**ASSIGNED TASK:** Once the line containing "13214c94a01dd jaqueta couro" is found in the entries below, restate it and each following line word for word, stopping after the line containing "pics photos cemetery - photo #3".

**AVAILABLE RECORDS:**
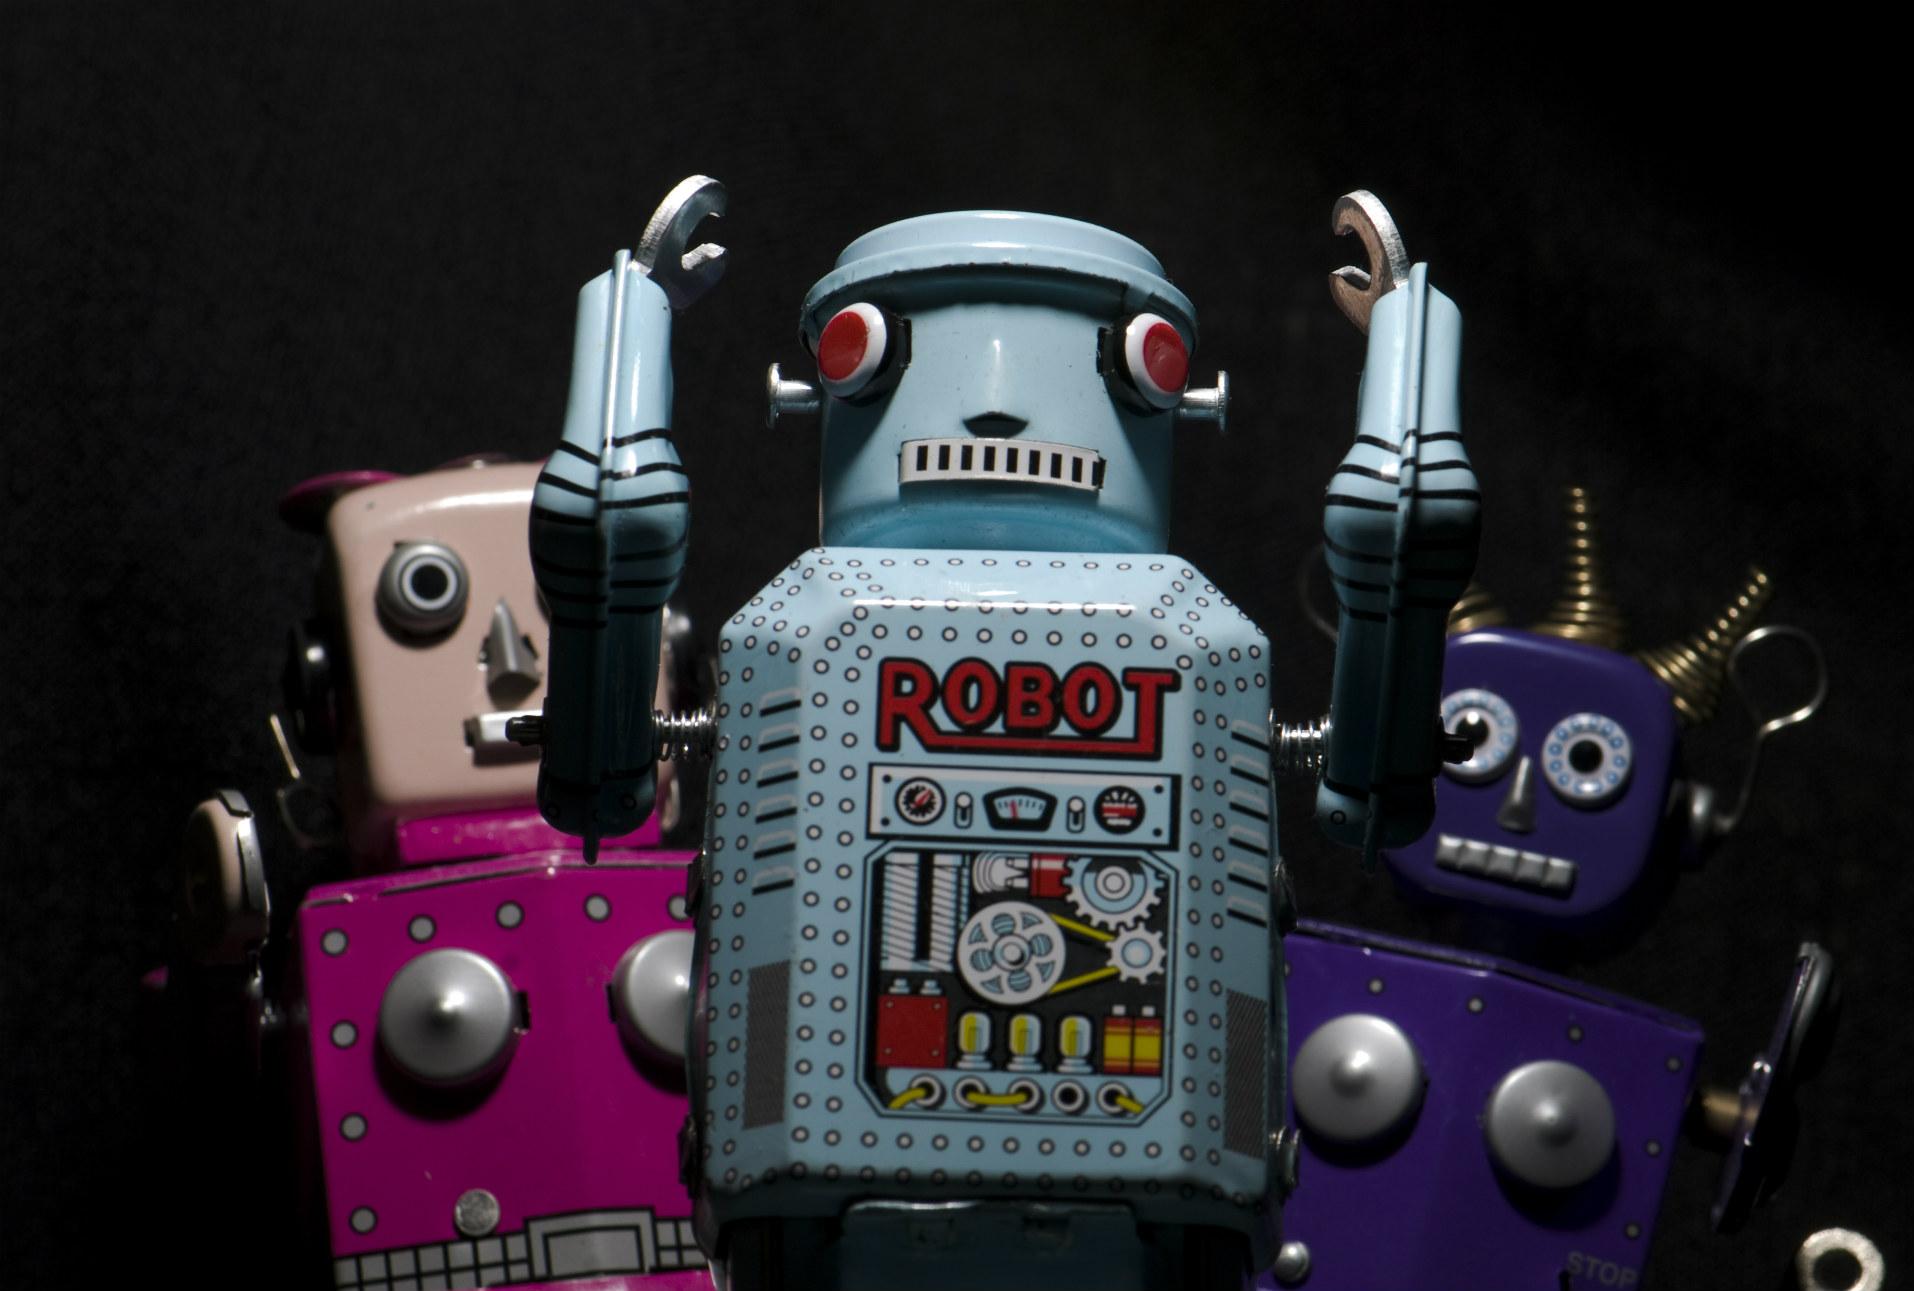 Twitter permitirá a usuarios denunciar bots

==

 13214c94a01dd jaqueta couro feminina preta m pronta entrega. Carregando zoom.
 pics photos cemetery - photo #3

**RESPONSE TO THE TASK:**
 13214c94a01dd jaqueta couro feminina preta m pronta entrega. Carregando zoom.
 pics photos cemetery - photo #3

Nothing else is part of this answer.